On Wednesday, August 23rd, the City Council approved a land use item that will pave the way for the construction of a new housing project E. 99th Street, adjacent to Metropolitan Hospital. The project, which will be built by the City’s Health and Hospitals Corporation (HHC) will provide housing to 176 low-income elderly and/or disabled New Yorkers who currently reside at HHC’s Coler Goldwater skilled nursing facility on Randall’s Island, but no longer require intensive care. After extensive negotiations with the Bloomberg administration and HHC, I arrived at the decision to support this project.

The move of the Coler Goldwater facility from Randall’s Island to El Barrio/East Harlem was in the works since at least 2010, but the final push to move this plan along came with the announcement that the City was seeking to use the land occupied by Coler Goldwater for a new engineering school on Randall’s Island (which will be operated by Cornell University). The new facility planned for E. 99th Street is one of several new developments coming into the East Harlem community as a result of the closure of Coler Goldwater. A new nursing facility will be built near North General Hospital, and a former North General building will also be renovated to provide acute long-term care (these two sites are outside of my Council district).

The E. 99th Street Sanitation Garage

The community had expressed a number of concerns about the proposed move of Coler Goldwater facilities into El Barrio/East Harlem. The most salient of the issues raised by community stakeholders like the Metropolitan Hospital Community Advisory Board (CAB) and Community Board 11 involved a longstanding concern with the location of the E. 99th Street Department of Sanitation garage.

I share the community’s frustration about the location of such a garage across the street from our public hospital, and now from a planned housing development for low-income seniors and disabled individuals, and I have raised this with the Bloomberg administration, the Department of Sanitation (DSNY) Commissioner and HHC in the past.
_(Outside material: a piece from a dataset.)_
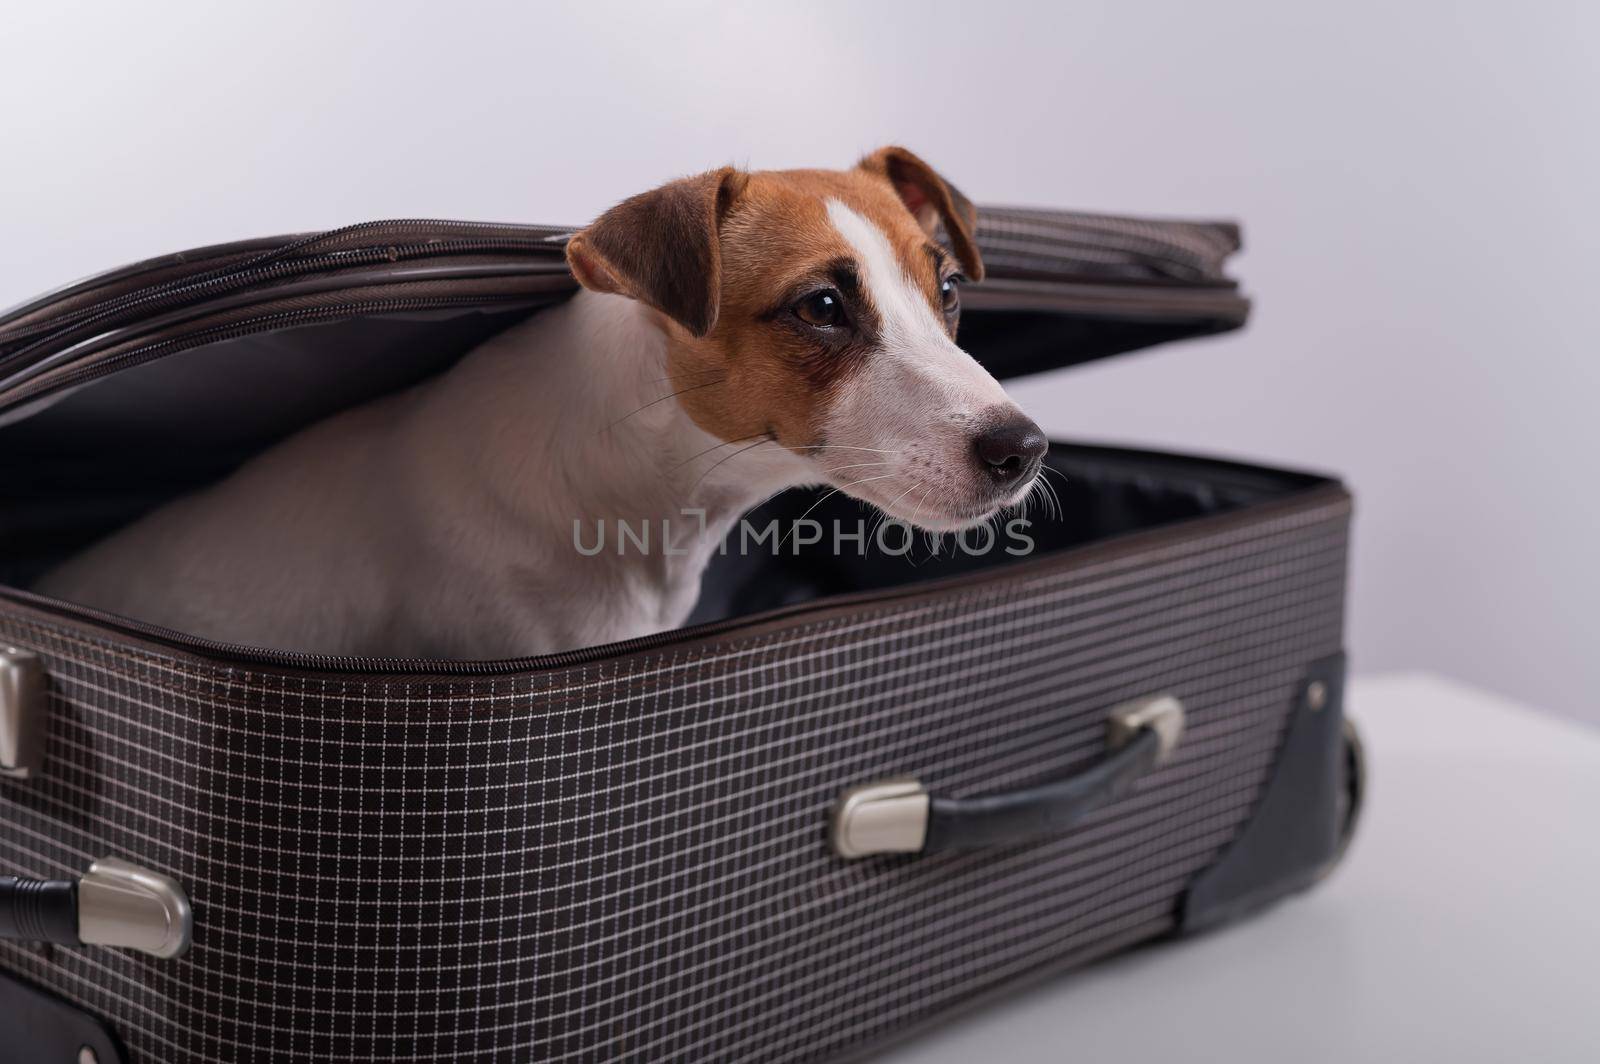 The dog is hiding in a suitcase on a white background. Jack Russell Terrier peeks out of his luggage bag by mrwed54

In negotiating the Council approval of the 99th Street housing development, I secured several commitments from the administration:

  1. Search for potential new location of sanitation garage: DSNY will work with the Department of Citywide Administrative Services (DCAS) and the Office of Management and Budget (OMB) to try to identify another City-owned or privately-owned site on which to house the sanitation garage. DSNY has pledged to keep me updated on this process.
  2. Reduction in number of sanitation vehicles: DSNY will reduce the total number of vehicles stationed at E. 99th Street in its summer season (April 2nd through November 11th) by 20%. Additional vehicles will be added in the winter season, but those will only be used for the purposes of cleaning up snow in Community District 11.
  3. Additional parking space for trucks on 1st Avenue: The City has secured additional space to park Sanitation trucks on the corner of 1st Avenue and 99th Street, eliminating the need for trucks to park on 99th Street itself.

I believe that these commitments are an important step in the right direction to mitigating some of the negative impacts of the garage on 99th Street and opening up the possibility that the garage could eventually be moved if the right opportunity presents itself.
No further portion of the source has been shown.